Bakamla tangkap kapal tanker
Dua kapal tanker berbendera Iran dan Panama yang diamankan Bakamla di perairan Pontianak, Kalimantan Barat. (Humas Bakamla)

Batam (gokepri.com) – Badan Keamanan Laut (Bakamla) menangkap kapal tanker MT Horse berbendera Iran dan MT Freya berbendera Panama di perairan Kalimantan. Dua kapal itu diduga melakukan transfer bahan bakar secara ilegal.

Kepala Bagian Humas dan Protokol Bakamla, Kolonel Wisnu Pramandita mengatakan, kapal tanker yang disita di perairan lepas provinsi Kalimantan itu dikawal ke Pulau Batam di Provinsi Kepulauan Riau untuk penyelidikan lebih lanjut.

“Kapal tanker, pertama kali terdeteksi pada 5:30 pagi pada 23 Januari dan menyembunyikan identitas mereka dengan tidak menunjukkan bendera nasional mereka, memutar sistem identifikasi otomatis dan tidak menanggapi panggilan radio,” kata pernyataan itu.

“Ada tumpahan minyak di sekitar MT Freya.”

|Baca Juga: Aksi Manuver Warnai Penangkapan Kapal Taiwan di Natuna

Wisnu mengatakan dua kapal itu terpantau oleh KN Marore-322. Saat itu KN Marore memang tengah melakukan Operasi Keamanan dan Keselamatan Laut Dalam Negeri.

KN Marore tak sengaja mendeteksi kontak radar diam dengan indikasi AIS dimatikan sekitar pukul 05.30 WIB. KN Marore lantas mendekati titik radar di perairan Pontianak tersebut.

“Komandan KN Marore-322 memerintahkan untuk bergerak mendekati kontak dengan kecepatan 16 knot,” ujar Wisnu.

|Baca Juga: Rusak Mesin, Kapal Vietnam Terobos Perairan Natuna

Menurutnya, kedua kapal itu diduga melakukan transfer BBM illegal.

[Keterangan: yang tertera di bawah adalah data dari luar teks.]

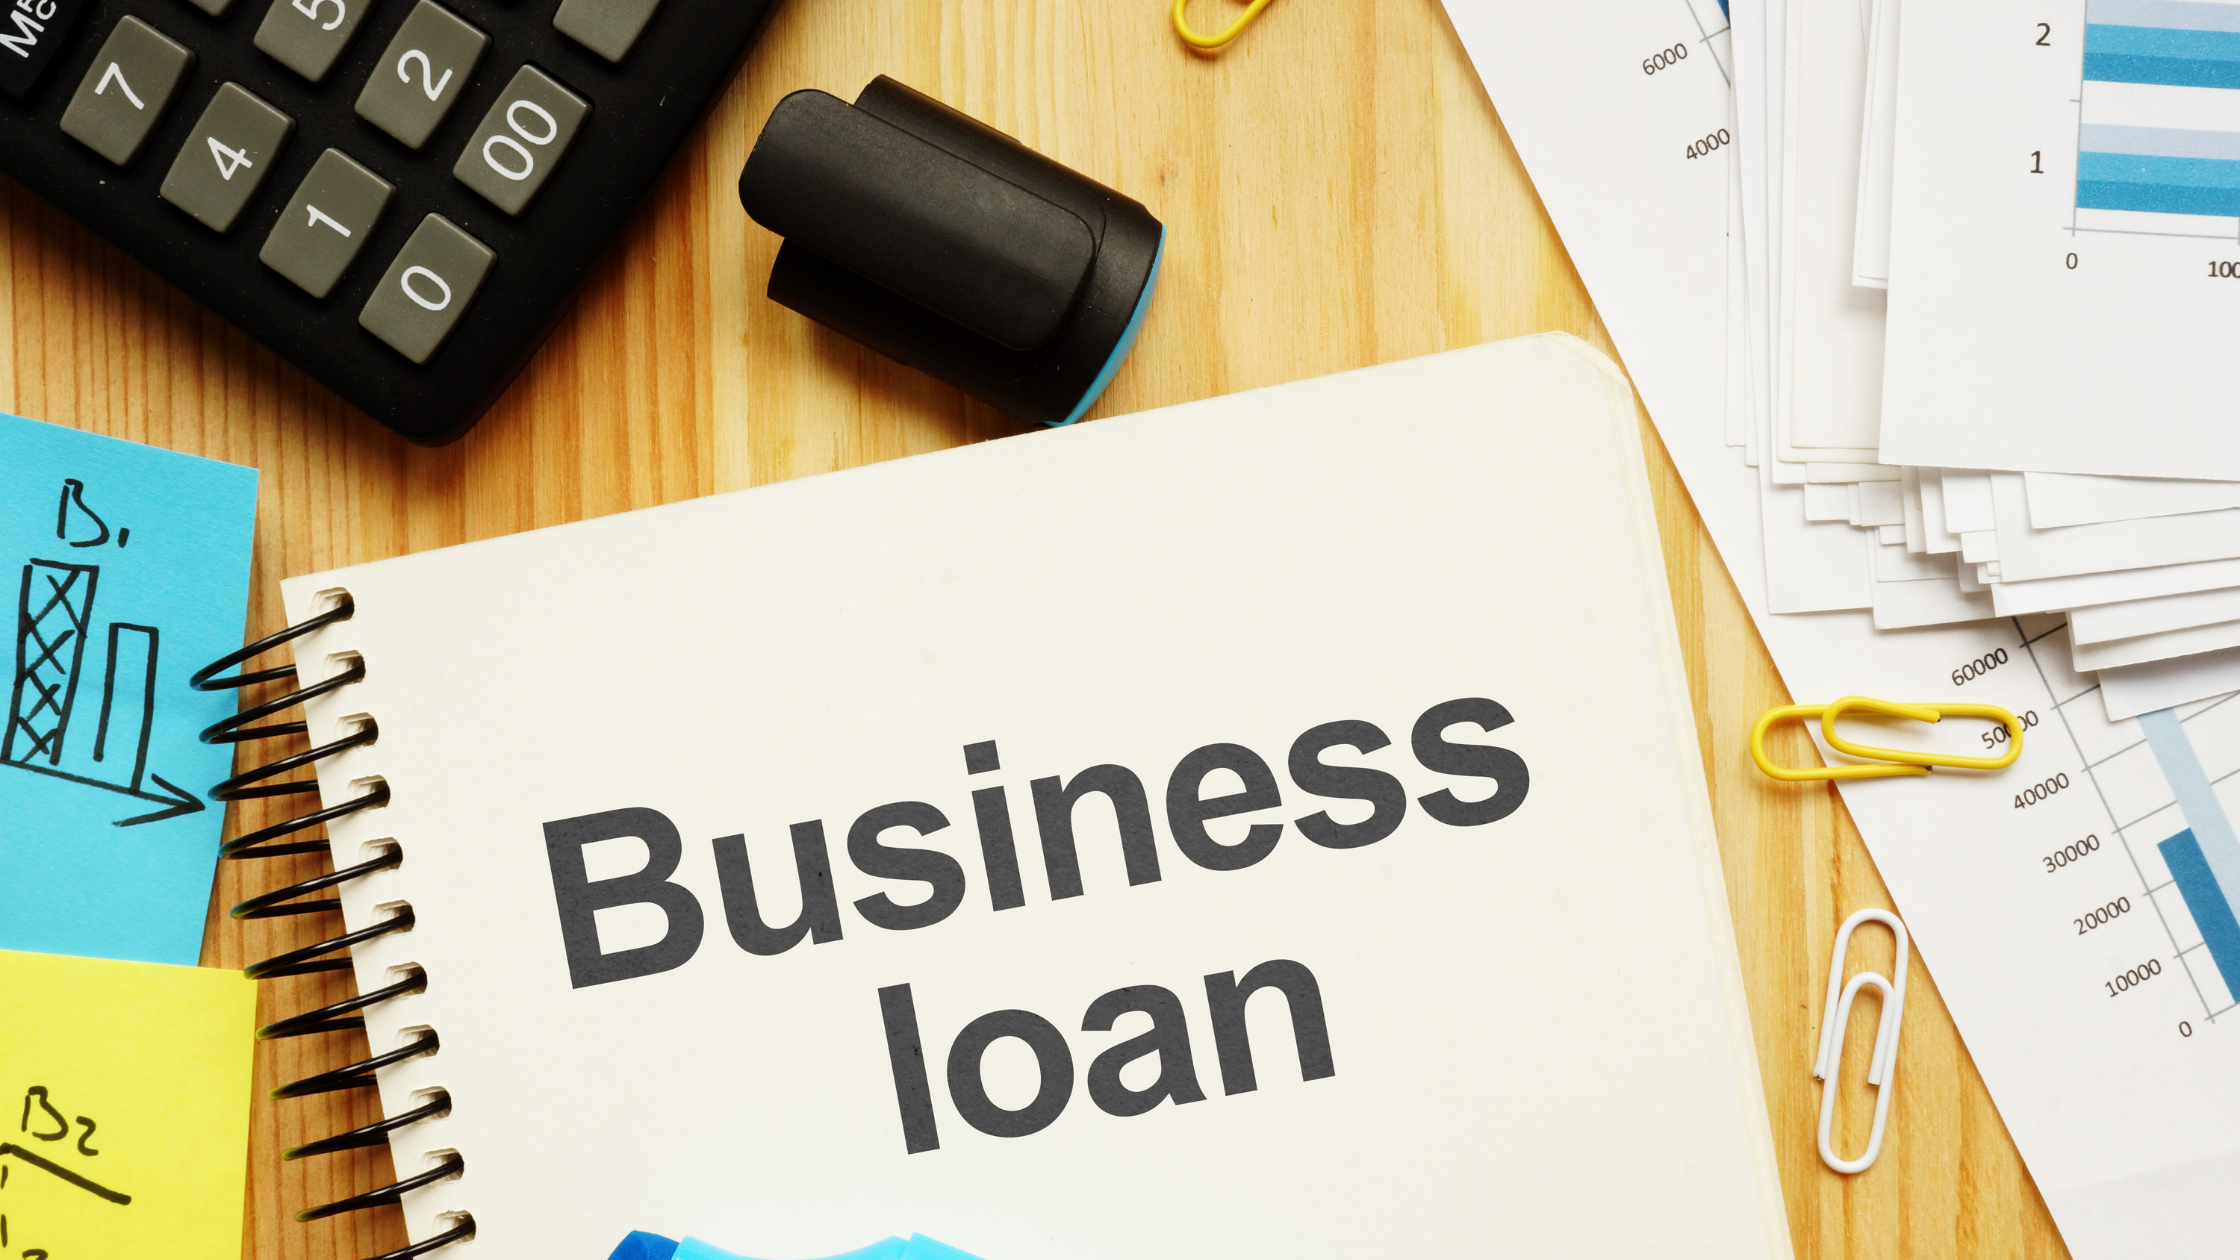 How to get approved for a business loan

Dua kapal tersebut juga diduga sengaja menutup lambung kapal dengan kain untuk membohongi aparat penegak hukum Indonesia.

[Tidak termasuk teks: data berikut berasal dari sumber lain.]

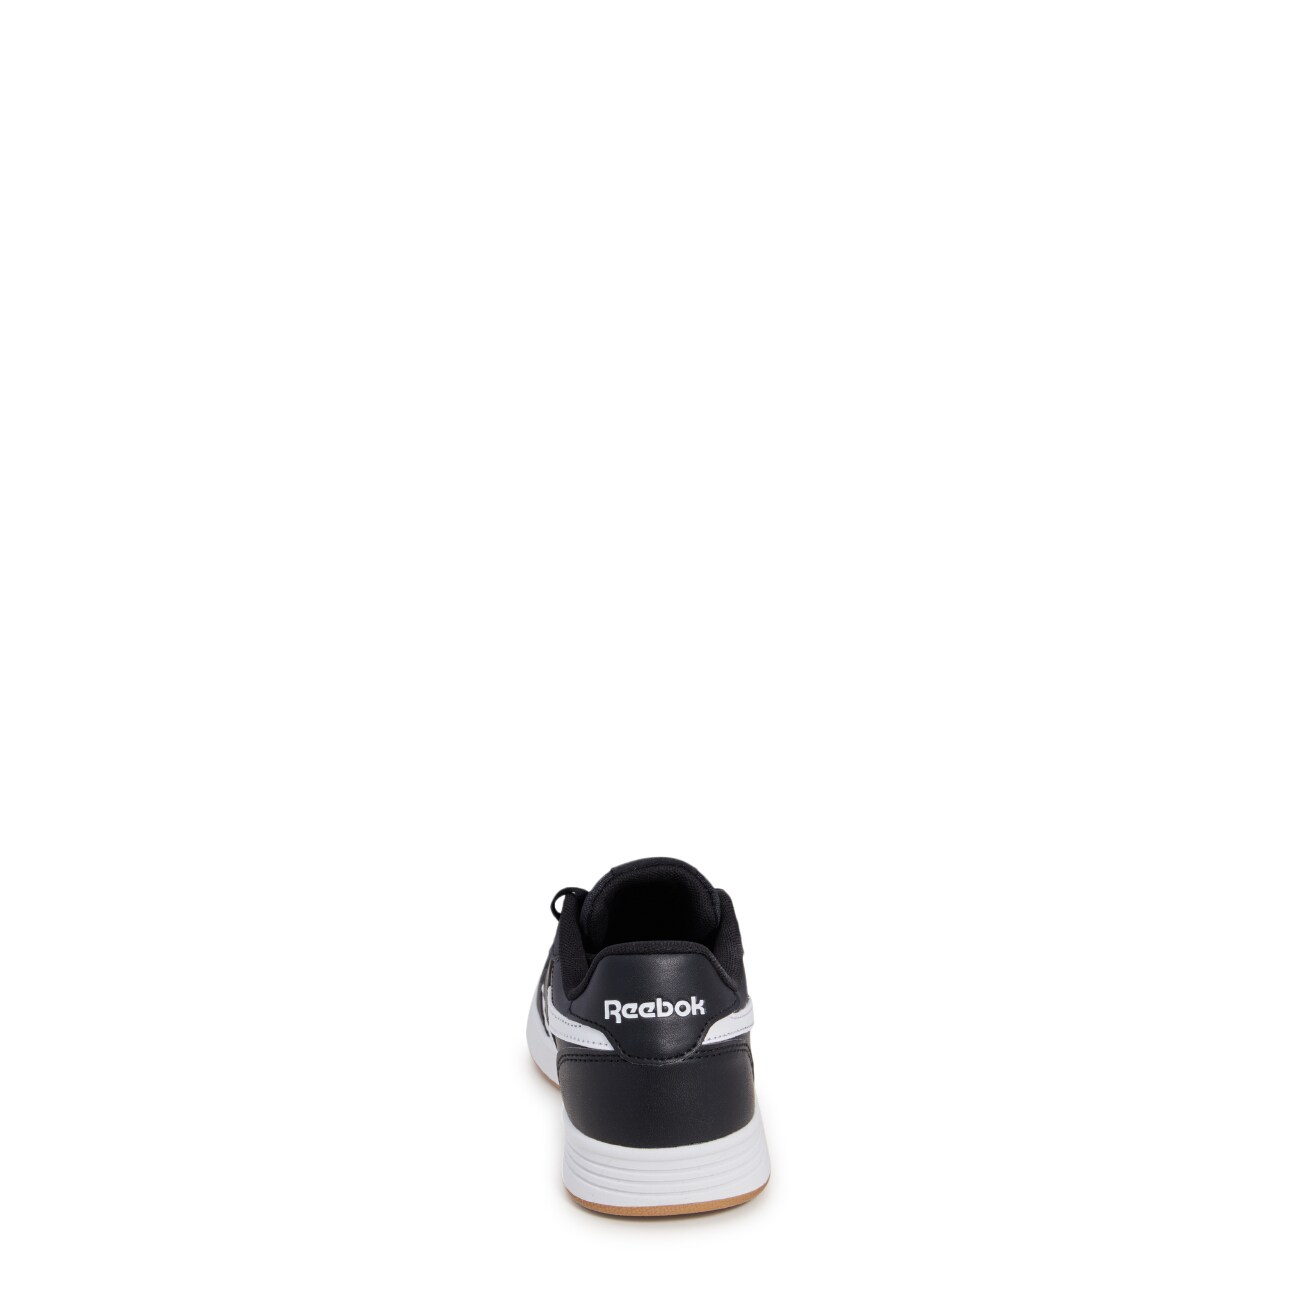 Youth Boys' Court Advance Sneaker

Wisnu menyebut awak KN Marore-322 lantas melakukan kontak radio terhadap kedua kapal tersebut untuk mengonfirmasi keberadaannya di perairan Pontianak. Namun, tak mendapat respons dari kedua kapal tanker tersebut.

Menurut Wisnu, anggota Bakamla langsung mendekat untuk melakukan pemeriksaan dan penggeledahan. Dugaan awal, kedua kapal tanker melanggar hak lintas transit pada ALKI I dengan keluar dari batas 25NM ALKI.

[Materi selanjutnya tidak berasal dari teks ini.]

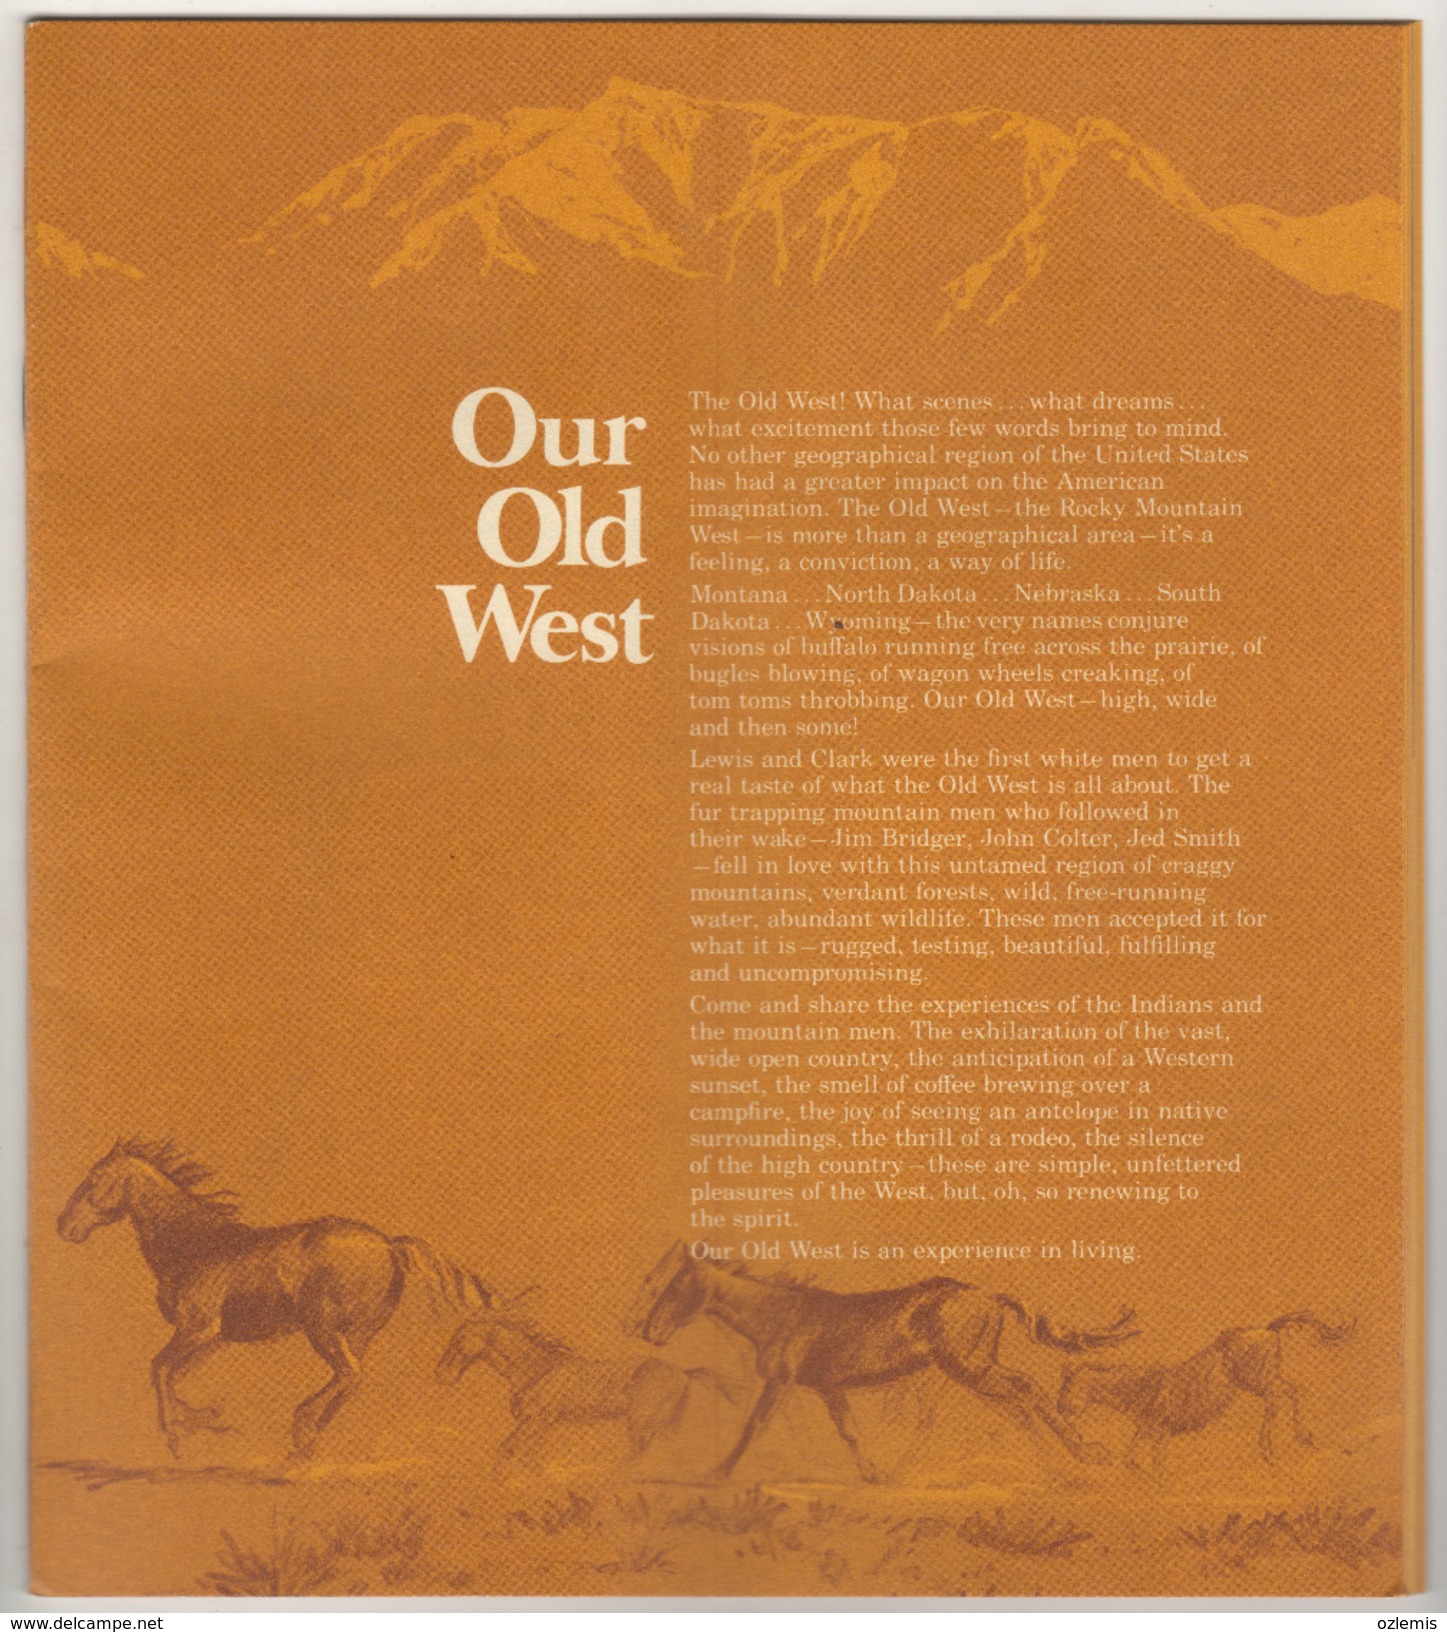 OLD WEST TOWN&VCOUNTRY EXCITEMENT 1976  BROCHURES  UNITED AIRLINES AND FRONTIER AIRLINES - Publicidad

|Baca Juga: Selat Malaka Makin Rawan, 97 Kali Pembajakan Kapal Laut sepanjang 2020

Sebagai gambaran, Organisasi Maritim Internasional mengharuskan kapal menggunakan transponder untuk keselamatan dan transparansi.

Kru bisa mematikan perangkat jika ada bahaya pembajakan atau bahaya serupa.

Tetapi transponder sering kali ditutup untuk menyembunyikan lokasi kapal selama aktivitas terlarang.

Adapun Iran mengirim kapal MT Horse ke Venezuela tahun lalu untuk mengirimkan 2,1 juta barel kondensat Iran.